# Going Away Plaque



## Stick (Aug 23, 2007)

Here's a plaque I did the woodwork for and had laser etched for a guy PCSing out of my Division. I used solid mesquite so he could take a little Texas with him.


----------



## GeorgeC (Jul 30, 2008)

That is really nice. I did not realize that mesquite could be obtained in boards that large.

George


----------



## phinds (Mar 25, 2009)

beautiful, and a great choice of wood.


----------



## The Everyman Show (Jul 10, 2009)

Stick great job on the plaque, I like the two accent strips that break up the two edges, nice touch. The laser etching does an amazing job of precise detail – does it create much tear out? Do you have much sanding to do afterwards to get any tear out cleaned off or is it a smooth finish product?


----------



## Stick (Aug 23, 2007)

GeorgeC said:


> That is really nice. I did not realize that mesquite could be obtained in boards that large.
> 
> George


I had to drive 45 minutes south of San Antonio to a specialty flooring/mantle shop to get it. It doesn't usually come that large. If you look at the grain close, that is the entire cross-section of the tree. The longest board they had of that width was 37". The did have longer ones up to about 8' that were 8-9" wide though.


----------



## Stick (Aug 23, 2007)

The Everyman Show said:


> Stick great job on the plaque, I like the two accent strips that break up the two edges, nice touch. The laser etching does an amazing job of precise detail – does it create much tear out? Do you have much sanding to do afterwards to get any tear out cleaned off or is it a smooth finish product?

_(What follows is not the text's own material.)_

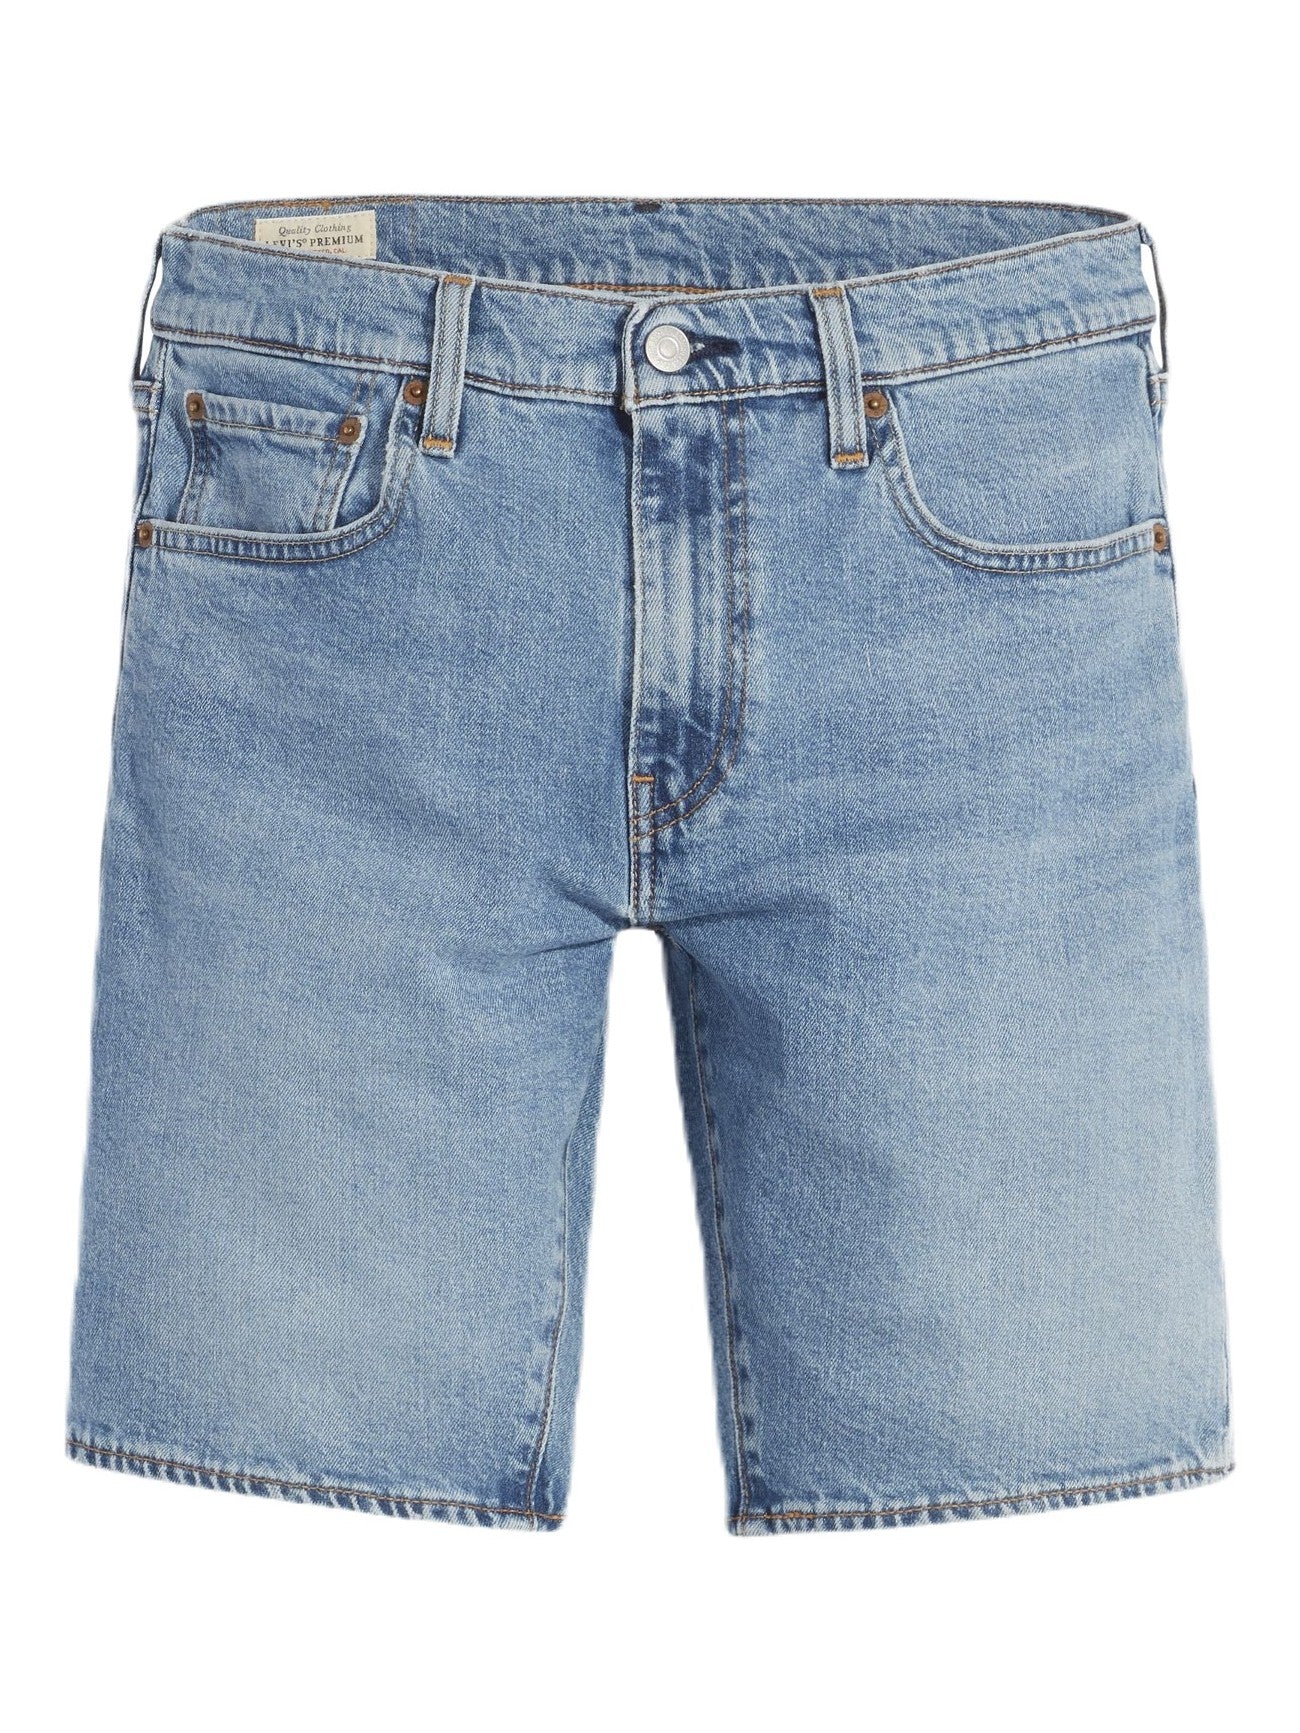 Levi's - 412 Slim Short - Terri Blue Key Adv Short – 88 Jeans
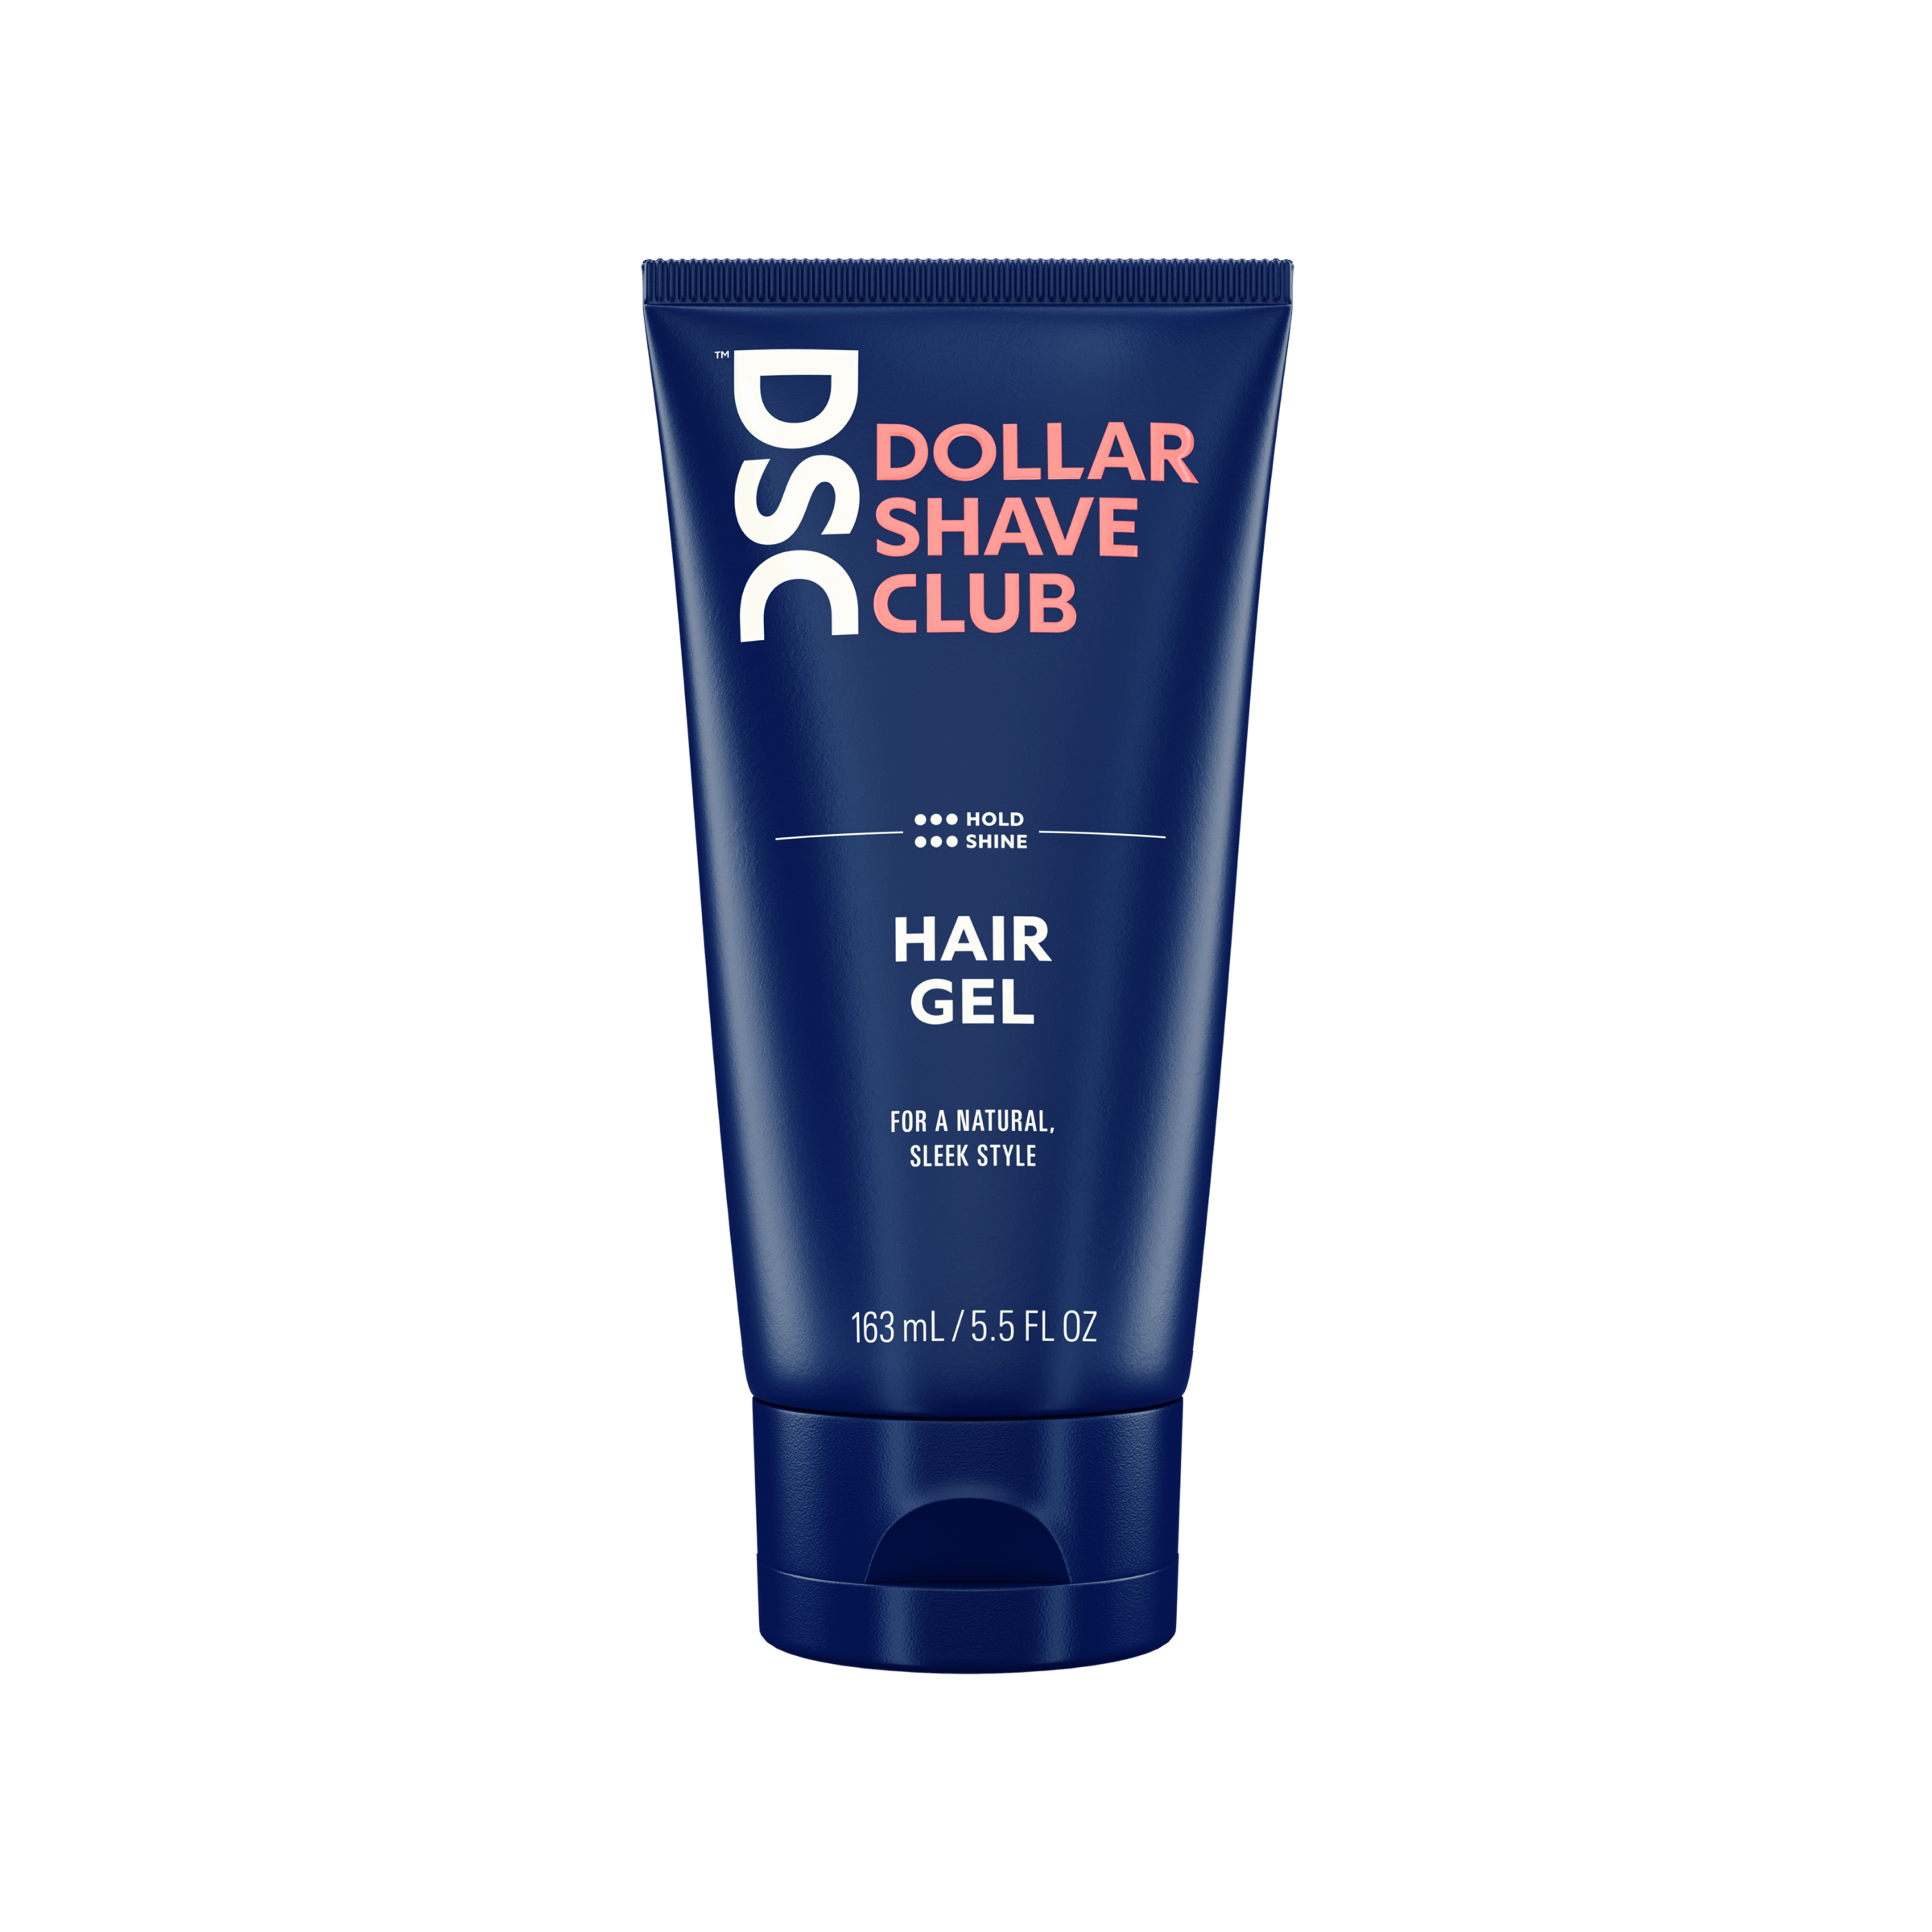 Dollar Shave Club Hair Gel against blank backdrop.

There is absolutely no tear out with the laser etching, probably because it burns the wood out instead of cutting it (smelled like a BBQ pit when I picked it up). I did all the sanding to the board before I had it etched. The laser only goes about a 1/16th deep in most places, even less in the lighter shaded parts. I think the letters/wording at the bottom were the deepest etched parts. I did spend about 5 hours working on the .jpg to get it lightened up enough so the picture wasn't a dark black blob. Even after I see the finished product, I think I'll lighten some parts of the picture up even more to give more detail and less of a solid "burn".


----------